Ronald A Schachar; Susan Raber; Kristina V Thomas; Beth Ann M Benetz; Loretta B Szczotka-Flynn; Min Zhang; Scott J Howell; Jonathan H Lass

doi:10.1097/ICO.0b013e3182523f40

. Author manuscript; available in PMC: 2016 May 4.

Published in final edited form as: Cornea. 2013 Mar;32(3):306–312. doi: 10.1097/ICO.0b013e3182523f40

Subclinical Increased Anterior Stromal Reflectivity With Topical Taprenepag Isopropyl

Ronald A Schachar ^*, Susan Raber ^*, Kristina V Thomas ^†, Beth Ann M Benetz ^†, Loretta B Szczotka-Flynn ^†, Min Zhang ^*, Scott J Howell ^†, Jonathan H Lass ^†

PMCID: PMC4856027 NIHMSID: NIHMS781782 PMID: 22549238

Abstract

Purpose

To assess the effect of topical taprenepag isopropyl on each layer of the cornea by confocal microscopy.

Methods

Thirty-two ocular hypertensive or glaucoma patients were randomized into a 2-period, crossover study of 14 days of 0.1% taprenepag alone and in unfixed combination with 0.005% latanoprost (combination therapy). Baseline and sequential slit-lamp biomicroscopy, fluorescein staining, central ultrasonic pachymetry, and confocal microscopy were performed. Confocal images were analyzed for the density of the central superficial and basal epithelium, midstromal keratocytes, and endothelium, as well as endothelial coefficient of variation and percentage of hexagonal cells, and reflectivity of anterior stromal and midstromal layers.

Results

Corneal staining increased from baseline, reaching a peak at day 13 (69% and 63% of subjects treated with monotherapy and combination therapy, respectively), which resolved by day 35. A statistically significant increase in mean corneal thickness for both eyes and both treatments occurred on days 7 and 13 (range, 20–27 μm; P < 0.001) but recovered (≤6 μm) by day 35. No statistically significant changes were observed in the basal epithelial, midstromal, or endothelial cells. Mean ratio of average reflectivity of anterior stroma to midstroma increased on days 13 and 35 in period 1 for each treatment (range, 1.2–1.9; P < 0.001), and this increase persisted during period 2.

Conclusions

Anterior stromal reflectivity may remain increased even when biomicroscopic and confocal images of corneal layers remain normal or have recovered after topical taprenepag. This subclinical measure may be useful to detect a persistent adverse effect of a topical agent on the cornea.

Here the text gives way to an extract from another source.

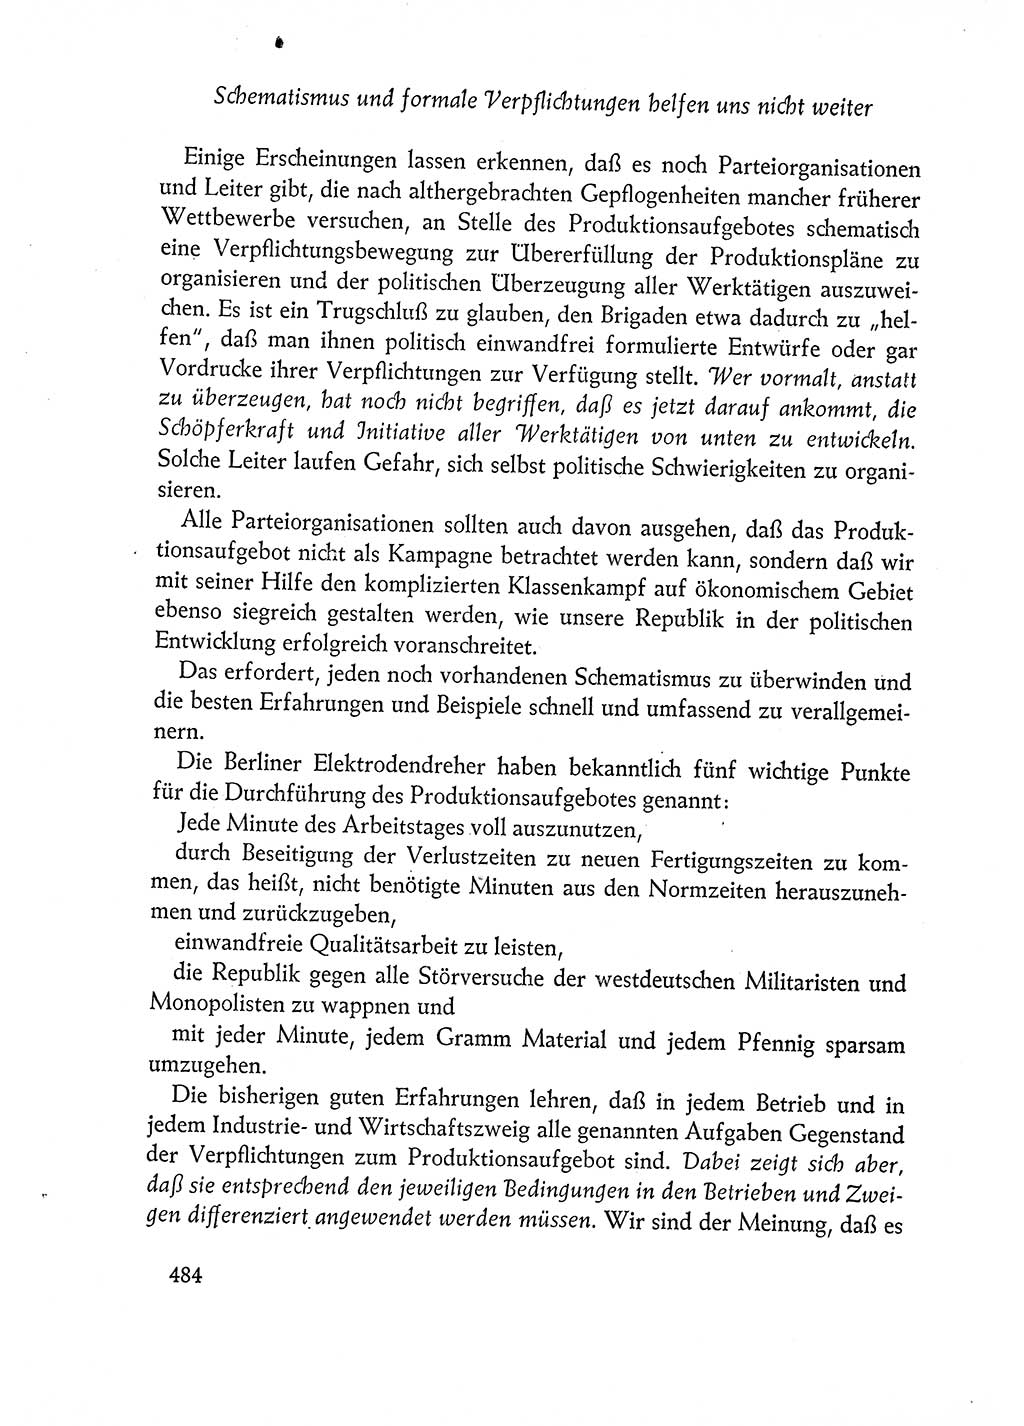 Dokumente der Sozialistischen Einheitspartei Deutschlands (SED) [Deutsche Demokratische Republik (DDR)] 1960-1961, Seite 484 (Dok. SED DDR 1960-1961, S. 484)
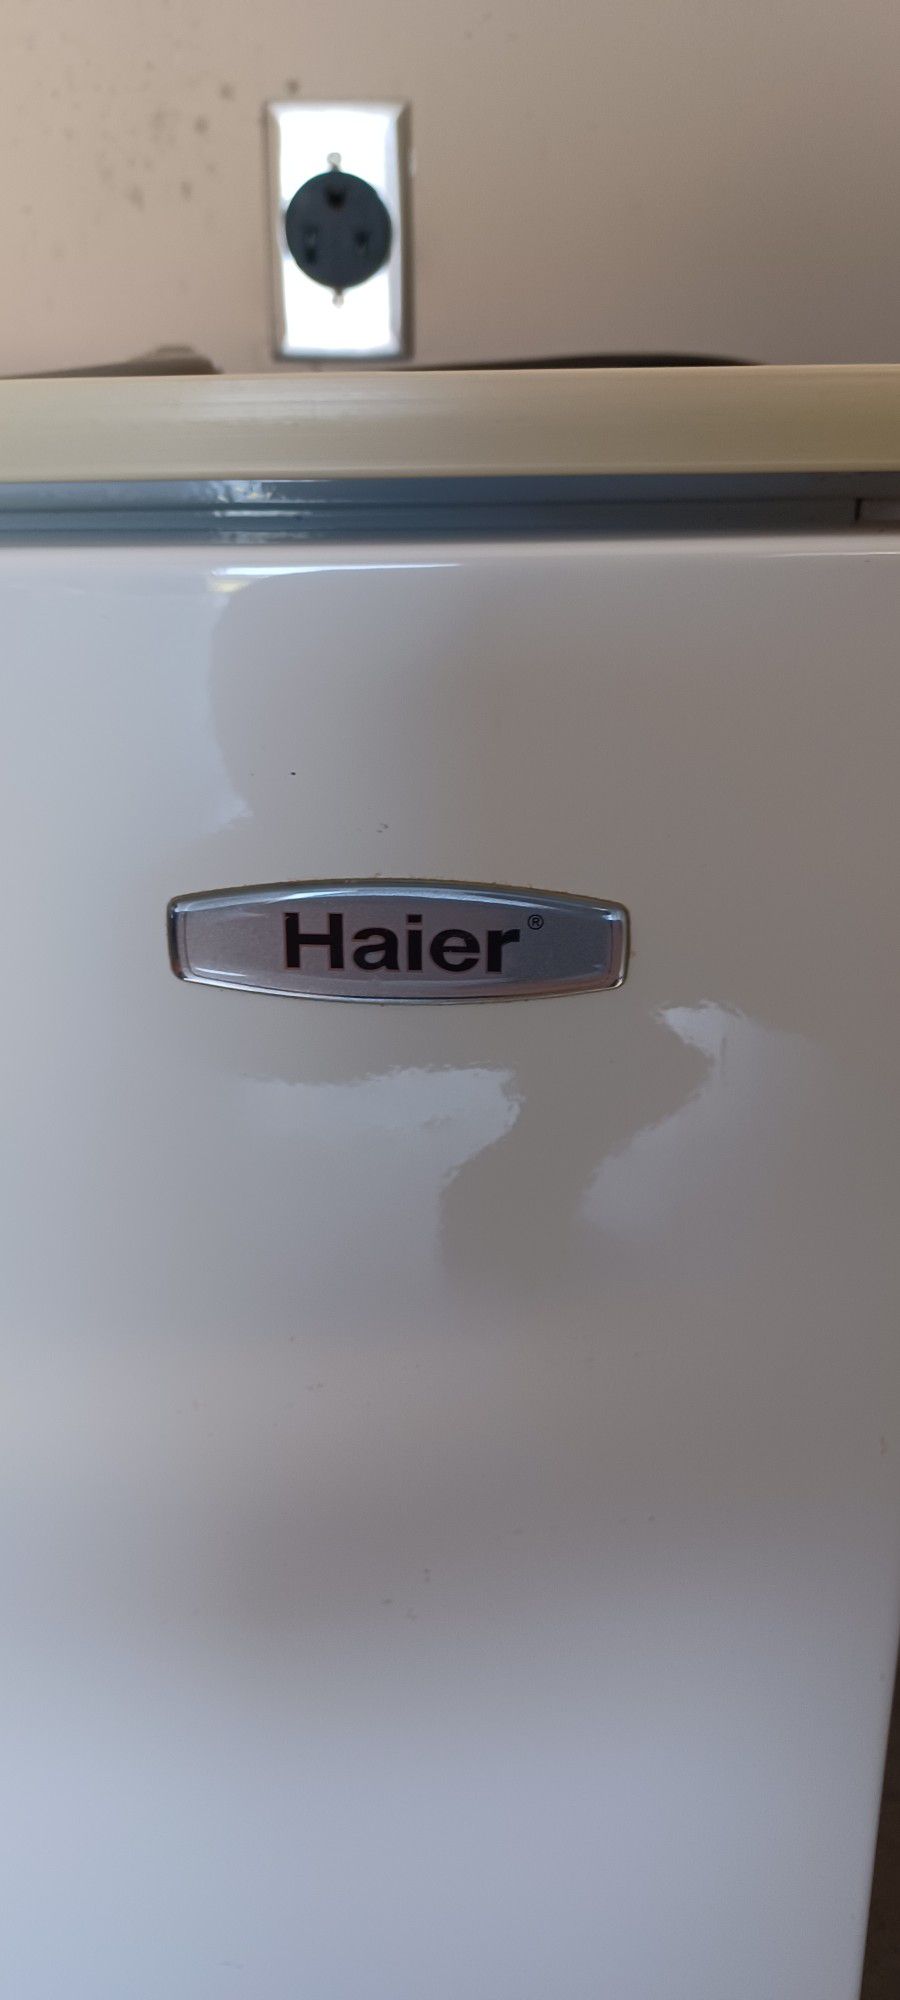 Haier Small Dorm Refrigerator

Keywords: confocal microscopy, cornea, taprenepag isopropyl

Taprenepag isopropyl (PF-04217329) is a highly selective EP₂ receptor agonist that reduces intraocular pressure (IOP) in animals and humans.^1-3 In a 2-stage, phase 2 clinical trial of taprenepag, 28 days of monotherapy reduced IOP by approximately 6.5 mm Hg, comparable with 0.005% latanoprost in ocular hypertensive and open-angle glaucoma subjects.¹ However, this positive efficacy was accompanied by treatment-related adverse events of conjunctival hyperemia, photophobia, and an increase in corneal thickness of mild to moderate severity within 7 days of dosing. The increased corneal thickness did not seem to be related to the dose of taprenepag or whether it was monotherapy or combination therapy. The cornea returned to its baseline thickness within approximately 1 month of discontinuing the medication.¹

The formulation of taprenepag in these studies contained benzalkonium chloride, which has been shown to increase corneal thickness⁴; however, taprenepag vehicle and 0.005% latanoprost controls contained equivalent concentrations of benzalkonium chloride and did not induce significant changes in corneal thickness.¹ In addition, these formulations of taprenepag did not induce increased corneal thickness in rabbits or dogs.² Only at doses approximately 10 times the taprenepag dose tested clinically was an increase in corneal thickness observed in monkeys.³ This increase in corneal thickness in monkeys resolved within 2 weeks after discontinuation of taprenepag. Neither in vivo specular microscopy nor in vitro histological or transmission electron microscopic examination of the corneas of the monkeys that were killed revealed any taprenepag toxicity to the cornea or its endothelium.³

Confocal microscopy has emerged as an invaluable tool in the evaluation and diagnosis of many ocular surface disorders because it allows for a noninvasive, high-magnification evaluation of the corneal layers. Due to its ability to produce images in vivo at a microstructural level, it is increasingly used in both laboratory and clinical settings. Multiple in vivo animal and human studies have demonstrated that confocal microscopy is a reliable and effective method for detecting microscopic corneal abnormalities of the ocular surface.^5-8 However, this technology has had limited use for the assessment of a topical medication on other layers of the cornea. The purpose of this study was to determine the etiology of taprenepag-related increase in corneal thickness with standard clinical testing along with analysis of in vivo confocal microscopic scan of the entire cornea. In particular, the measurement of changes in stromal reflectivity, as an indirect indicator of changes in corneal hydration, was explored to detect possibly subtle changes in this parameter that could provide an insight into the change in corneal thickness not clinically notable.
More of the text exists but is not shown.